The rock of the Reindeer Hills consists of coarse crystalline, striped, red-brown and light gray marble. The marble is sleek. There is no evidence of glaciation in or near the Reindeer Hills during any part of the Quaternary. Evidence of habitation is found on the surface and slopes of the terrace remains on either side of the valley.
Near the inner edge of the terrace there are gaps in the layer caused by ground movements. The cultural material of the Denbigh flint complex consists of sparsely dispersed flint flakes and artifacts (cherry, obsidian, and chalcedony, according to their abundance) pressed against buried podzol.
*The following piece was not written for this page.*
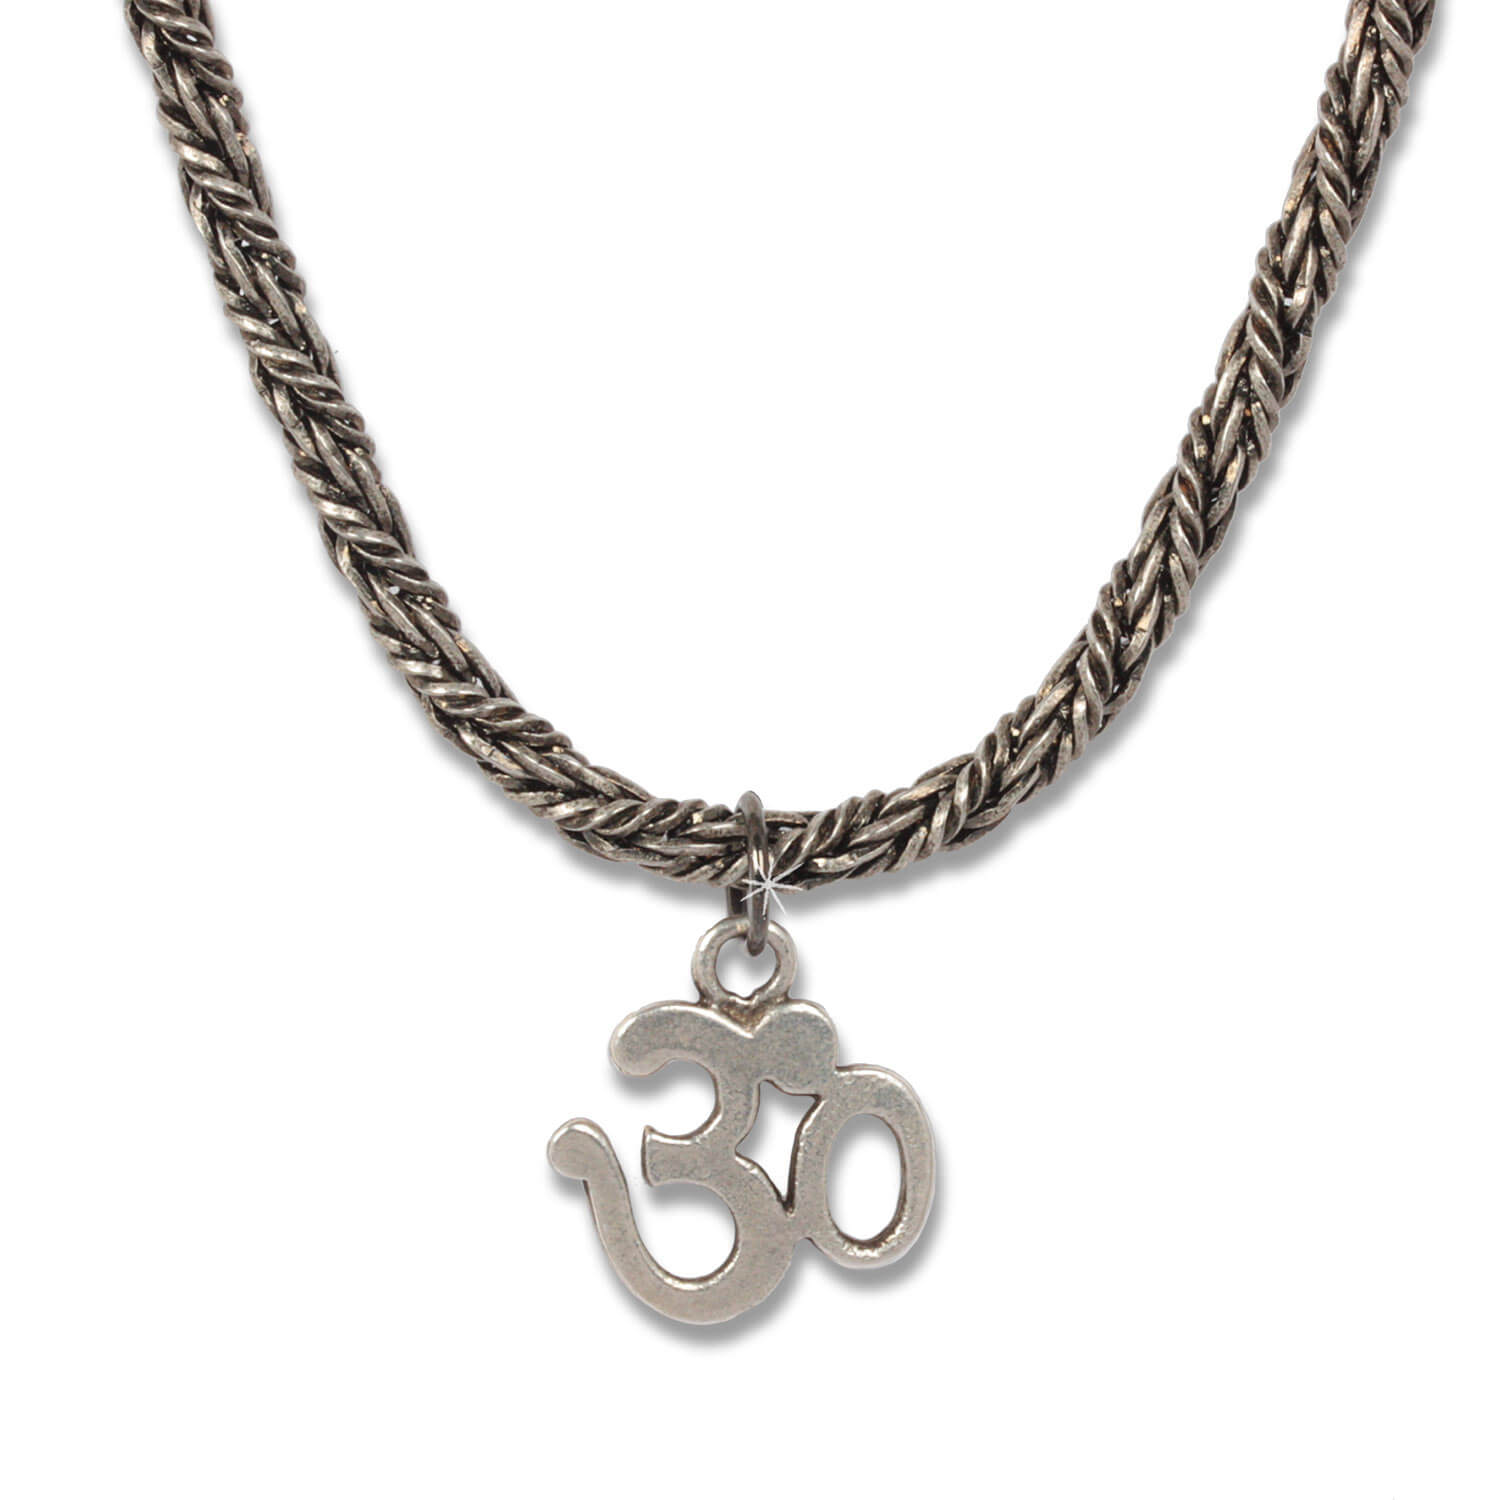 Silver OM Königskette - Indian Symbols Kette für Herren, 45 cm lang

The distribution of cultural material in the Denbigh culture layer, pressed into the surface of the buried earth, is open to two.
Burins, or "gravers" in the European sense, and their spatters thrown away during grinding, occupy about a quarter of the Denbigh flint. Assemblages of artifacts in the Denbigh Fire Complex tradition have been found in the Kugurorok River Valley (fig. i) in the eastern part of the Brooks Range (Solecki, 1951), in the Anaktuvuk Pass in the central part of the range (Irving, 1951), and before the north end of the Anaktuvi Range (Solecki, 1951). and Hackman, 1951). These relationships indicate that no part of the Trail Creek Series currently known is as old as the Denbigh.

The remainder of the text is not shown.